The product does not properly control the allocation and maintenance of a limited resource.

General Informations

Modes Of Introduction

Operation : The product could be operated in a system or environment with lower resource limits than expected, which might make it easier for attackers to consume all available resources.
System Configuration : The product could be configured with lower resource limits than expected, which might make it easier for attackers to consume all available resources.
Architecture and Design : The designer might not consider how to handle and throttle excessive resource requests, which typically requires careful planning to handle more gracefully than a crash or exit.
Implementation

Applicable Platforms

Language

Class: Not Language-Specific (Undetermined)

Technologies

Class: Not Technology-Specific (Undetermined)

Common Consequences

Scope	Impact	Likelihood
Availability	DoS: Crash, Exit, or Restart, DoS: Resource Consumption (CPU), DoS: Resource Consumption (Memory), DoS: Resource Consumption (Other) Note: If an attacker can trigger the allocation of the limited resources, but the number or size of the resources is not controlled, then the most common result is denial of service.
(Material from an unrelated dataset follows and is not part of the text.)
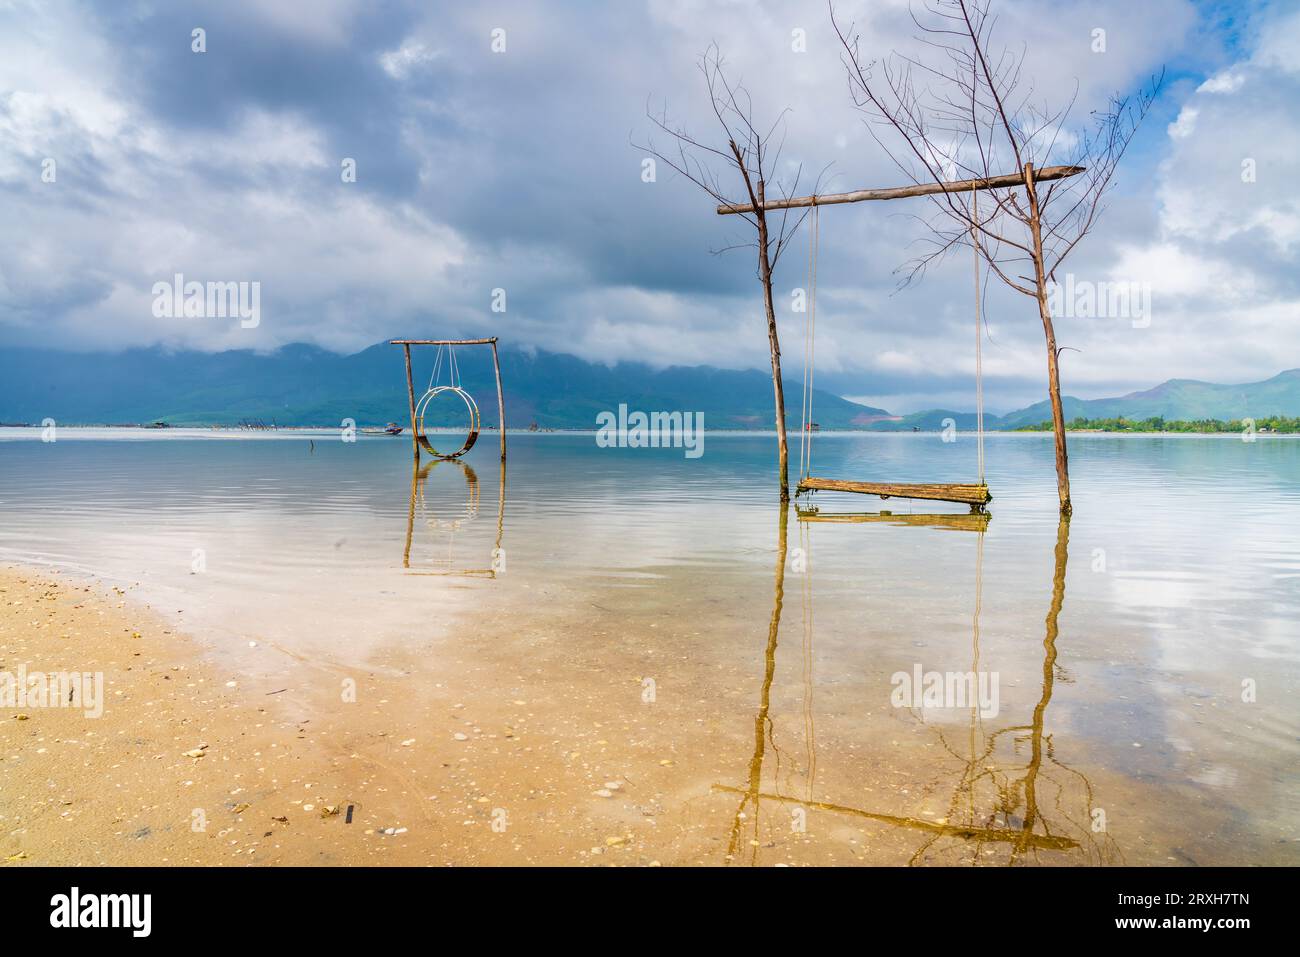 Swing sets in a coastal lagoon in Central Vietnam Stock Photo

This would prevent valid users from accessing the product, and it could potentially have an impact on the surrounding environment, i.e., the product may slow down, crash due to unhandled errors, or lock out legitimate users. For example, a memory exhaustion attack against an application could slow down the application as well as its host operating system.
Access Control Other	Bypass Protection Mechanism, Other Note: In some cases it may be possible to force the product to "fail open" in the event of resource exhaustion. The state of the product -- and possibly the security functionality - may then be compromised.

Observed Examples

References	Description
CVE-2019-19911	Chain: Python library does not limit the resources used to process images that specify a very large number of bands (CWE-1284), leading to excessive memory consumption (CWE-789) or an integer overflow (CWE-190).
CVE-2020-7218	Go-based workload orchestrator does not limit resource usage with unauthenticated connections, allowing a DoS by flooding the service
CVE-2020-3566	Resource exhaustion in distributed OS because of "insufficient" IGMP queue management, as exploited in the wild per CISA KEV.
CVE-2009-2874	Product allows attackers to cause a crash via a large number of connections.
CVE-2009-1928	Malformed request triggers uncontrolled recursion, leading to stack exhaustion.
CVE-2009-2858	Chain: memory leak (CWE-404) leads to resource exhaustion.
CVE-2009-2726	Driver does not use a maximum width when invoking sscanf style functions, causing stack consumption.
CVE-2009-2540	Large integer value for a length property in an object causes a large amount of memory allocation.
CVE-2009-2299	Web application firewall consumes excessive memory when an HTTP request contains a large Content-Length value but no POST data.
CVE-2009-2054	Product allows exhaustion of file descriptors when processing a large number of TCP packets.
CVE-2008-5180	Communication product allows memory consumption with a large number of SIP requests, which cause many sessions to be created.
CVE-2008-2121	TCP implementation allows attackers to consume CPU and prevent new connections using a TCP SYN flood attack.
CVE-2008-2122	Port scan triggers CPU consumption with processes that attempt to read data from closed sockets.
CVE-2008-1700	Product allows attackers to cause a denial of service via a large number of directives, each of which opens a separate window.
CVE-2007-4103	Product allows resource exhaustion via a large number of calls that do not complete a 3-way handshake.
CVE-2006-1173	Mail server does not properly handle deeply nested multipart MIME messages, leading to stack exhaustion.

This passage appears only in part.